### Data section
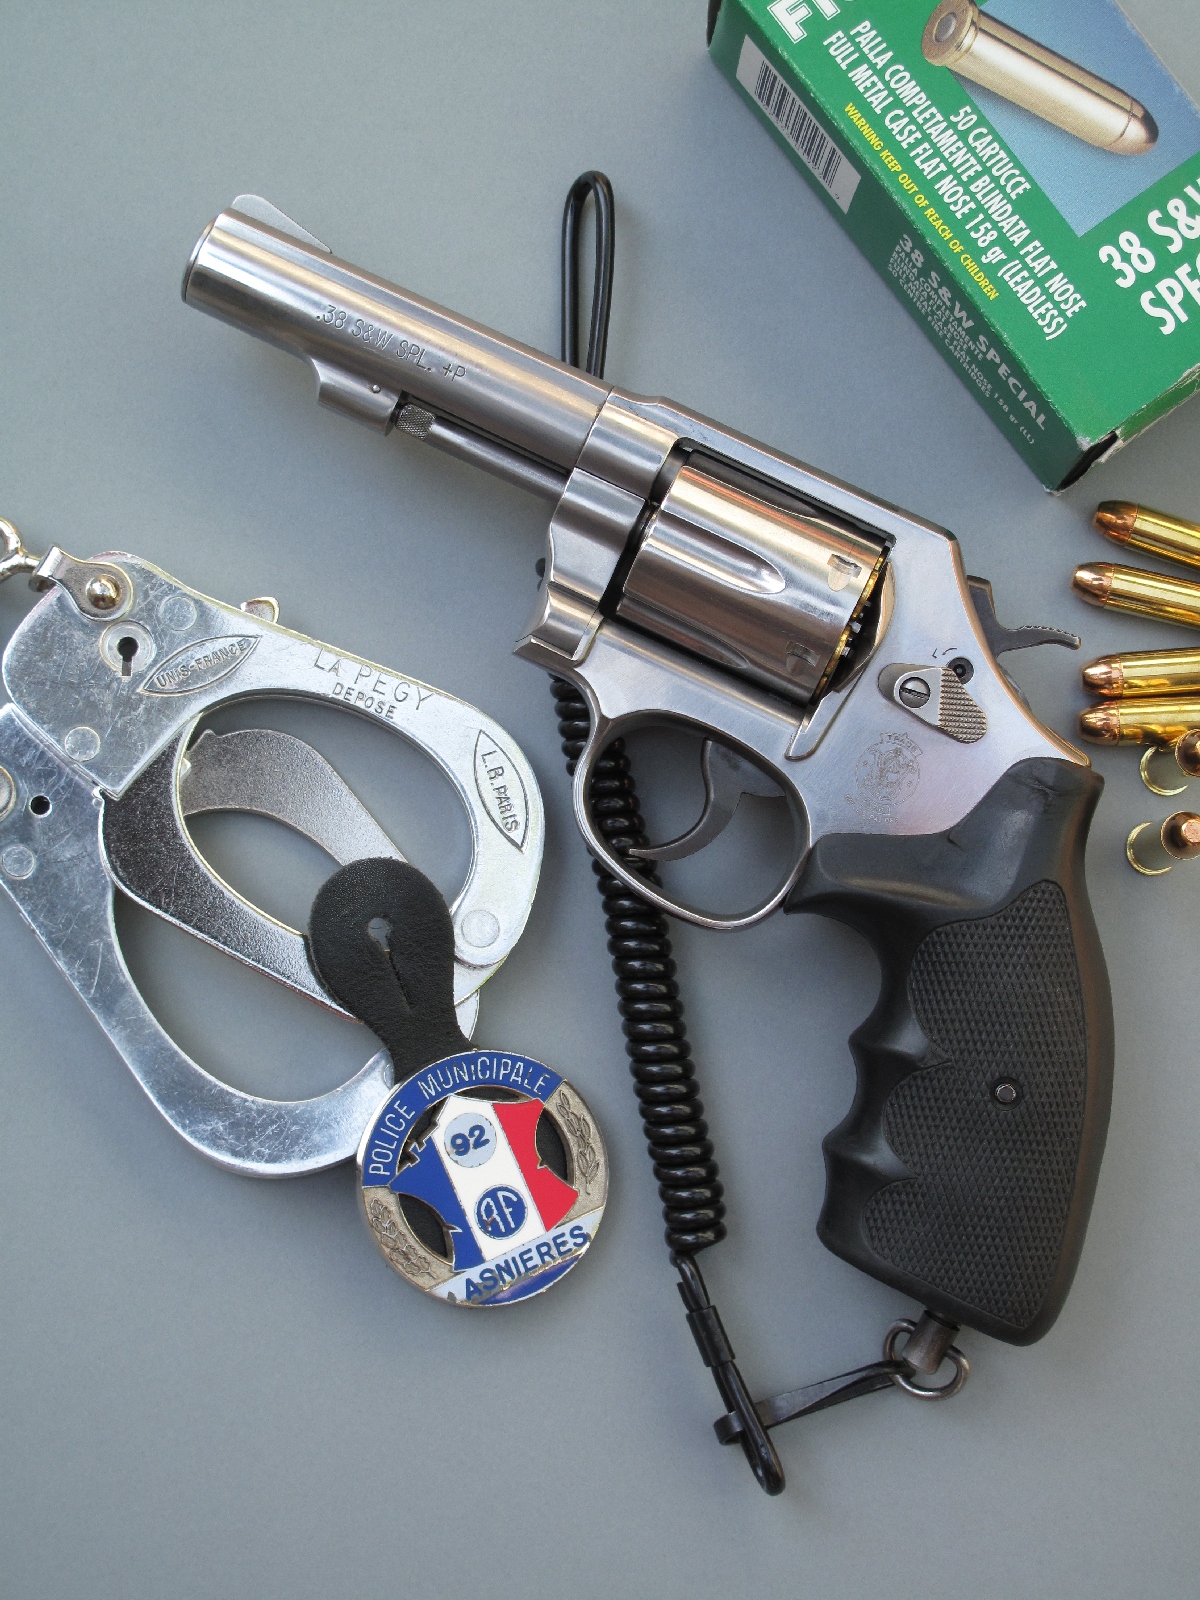 Le revolver Smith & Wesson modèle 64 est accompagné ici d’une paire de menottes, d’un badge de la police municipale et d’une boîte de cartouches de calibre .38 Special manufacturées par la firme italienne Fiocchi.
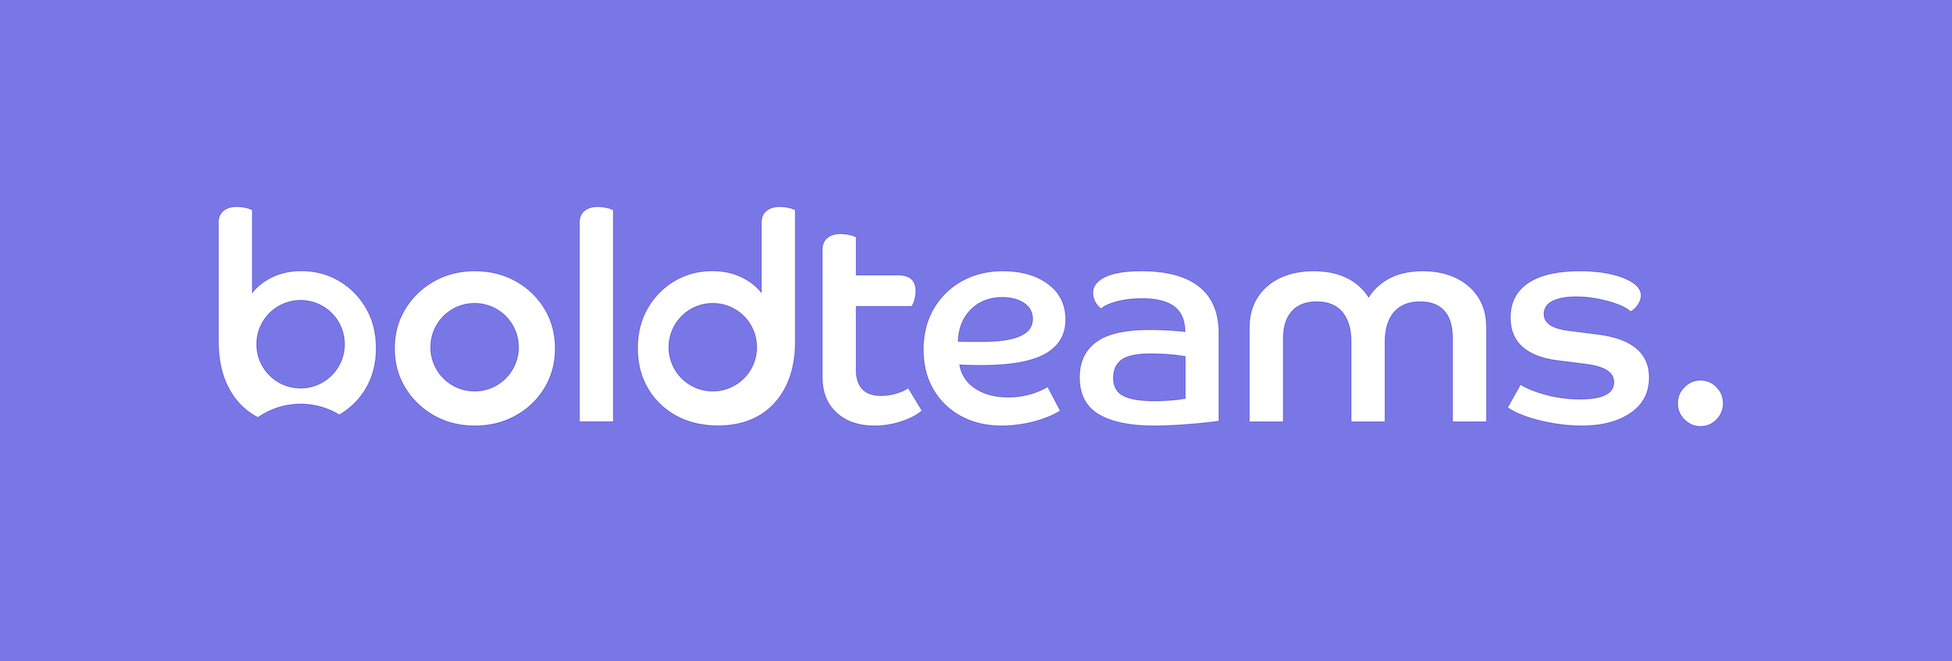 Boldteams logo
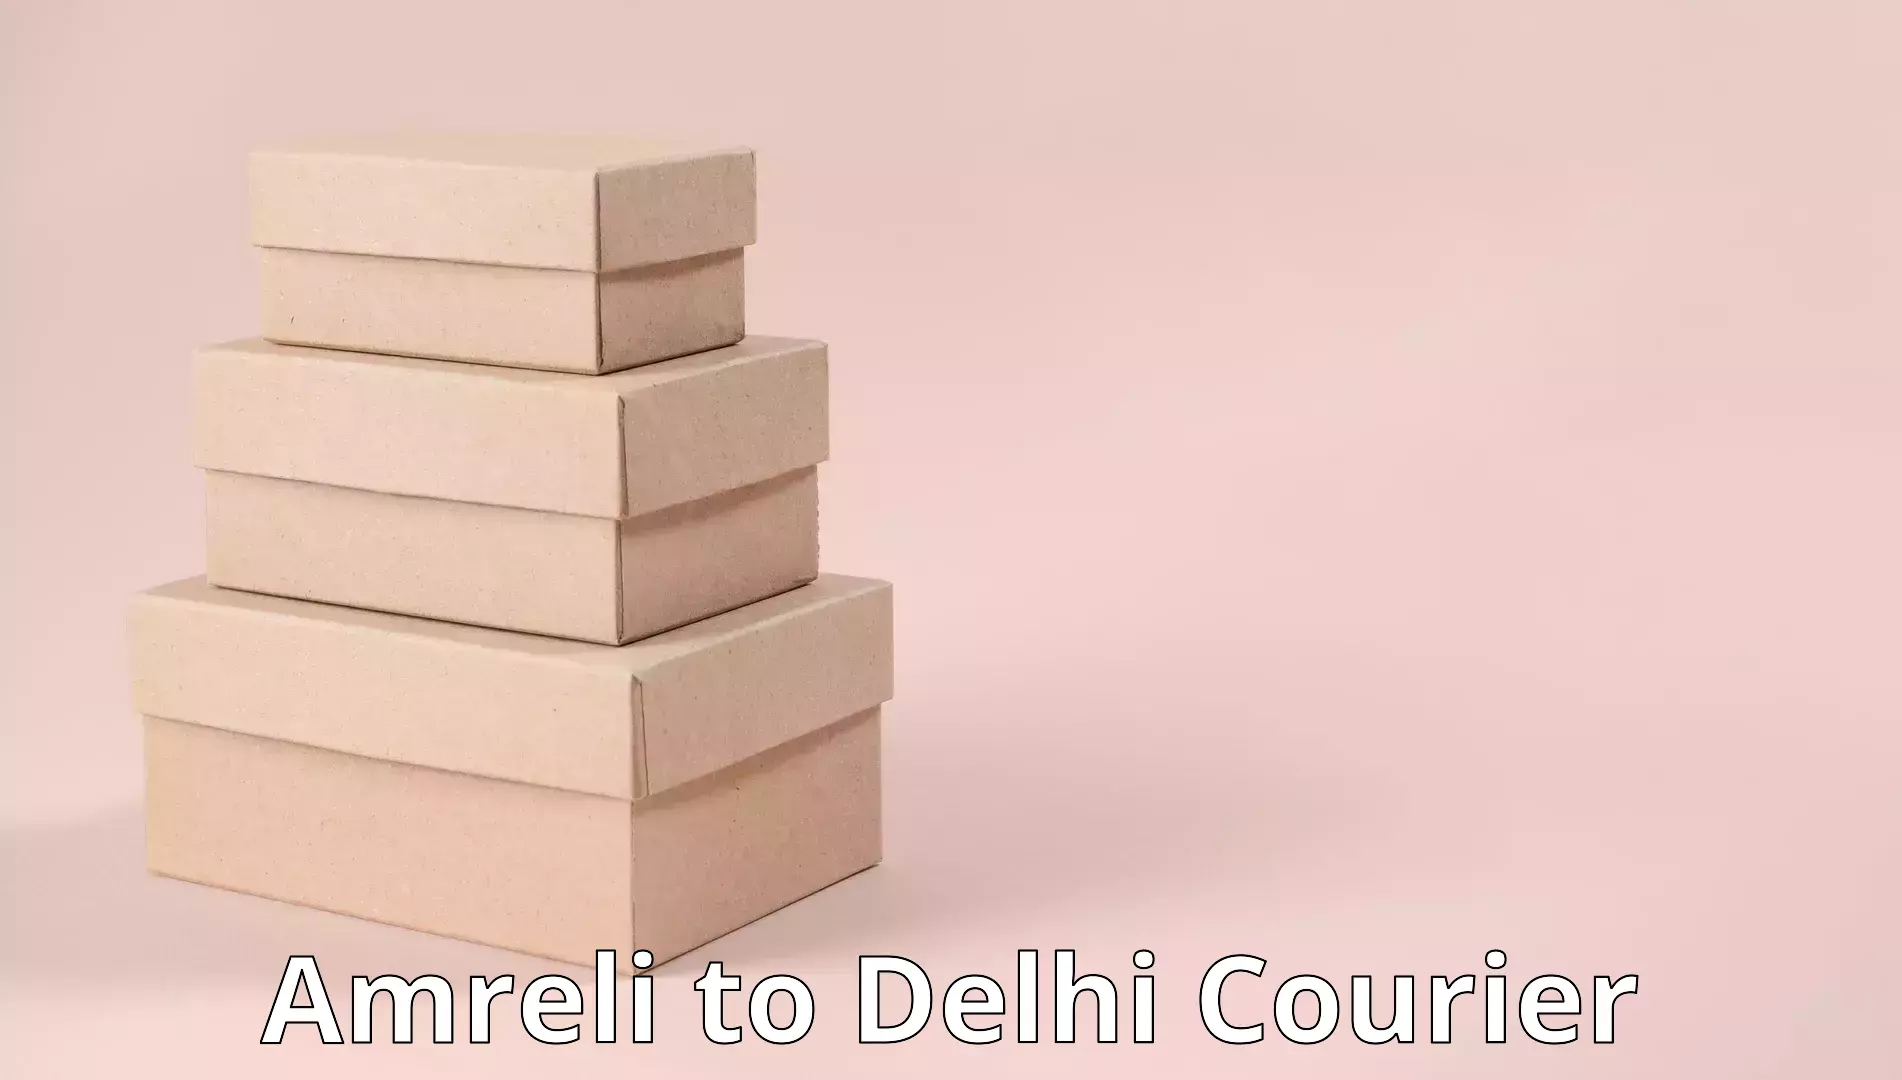 Furniture delivery service Amreli to Delhi
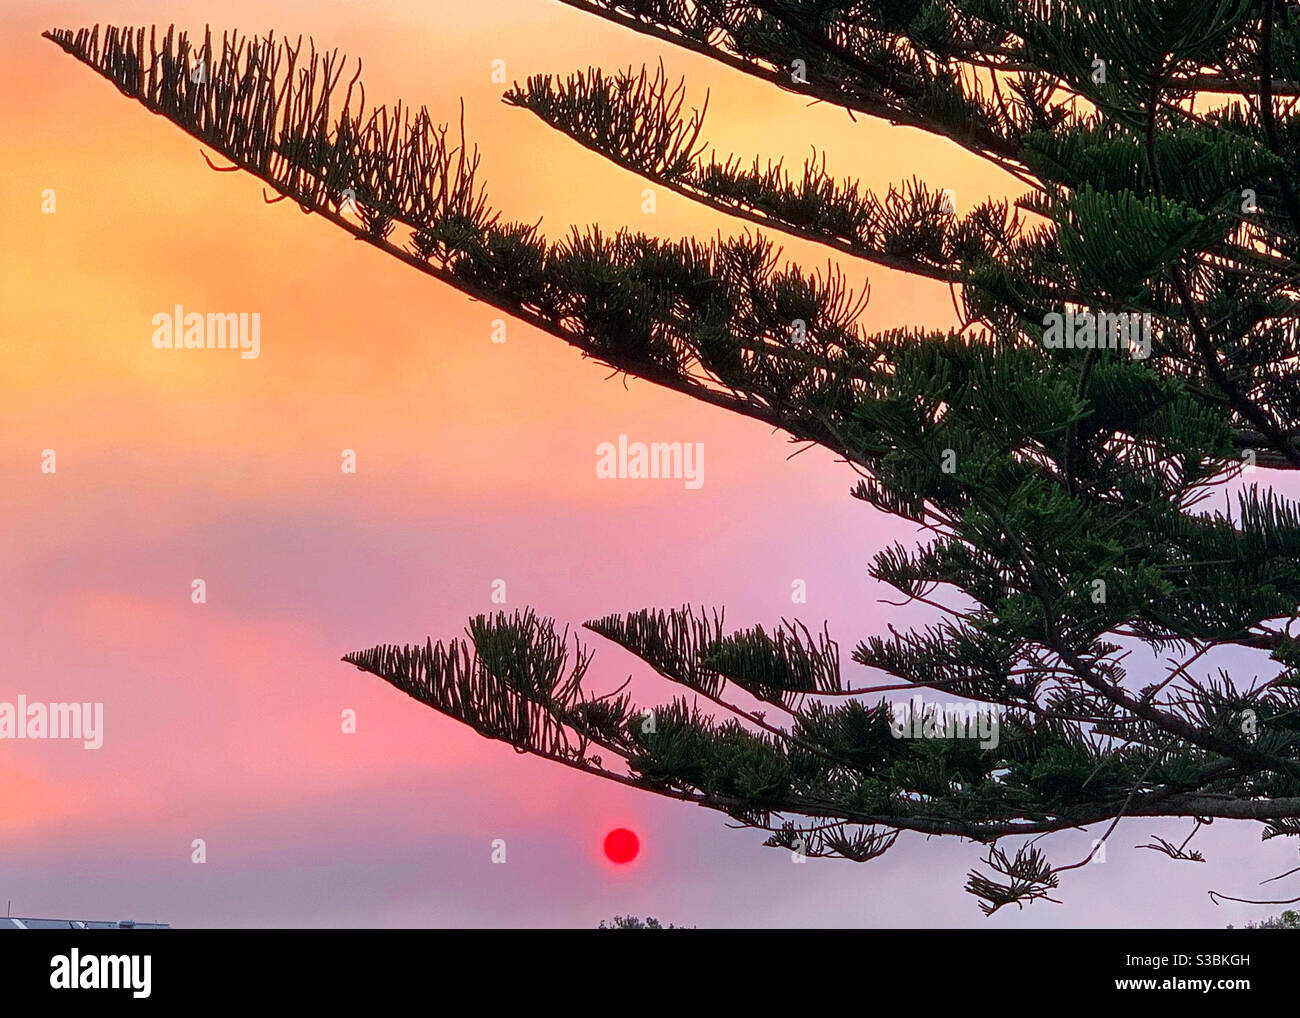 Die Sonne erscheint als ein purpurroter Kreis in einem Rauchig rosa Sonnenuntergang mit einem Norfolk Pine Baum im Vordergrund Stockfoto

### Exercise
Each line above should be printed again exactly, though the pictures should not be.

### Exercise result
 Le revolver Smith & Wesson modèle 64 est accompagné ici d’une paire de menottes, d’un badge de la police municipale et d’une boîte de cartouches de calibre .38 Special manufacturées par la firme italienne Fiocchi.
 Boldteams logo
 Furniture delivery service Amreli to Delhi
 Die Sonne erscheint als ein purpurroter Kreis in einem Rauchig rosa Sonnenuntergang mit einem Norfolk Pine Baum im Vordergrund Stockfoto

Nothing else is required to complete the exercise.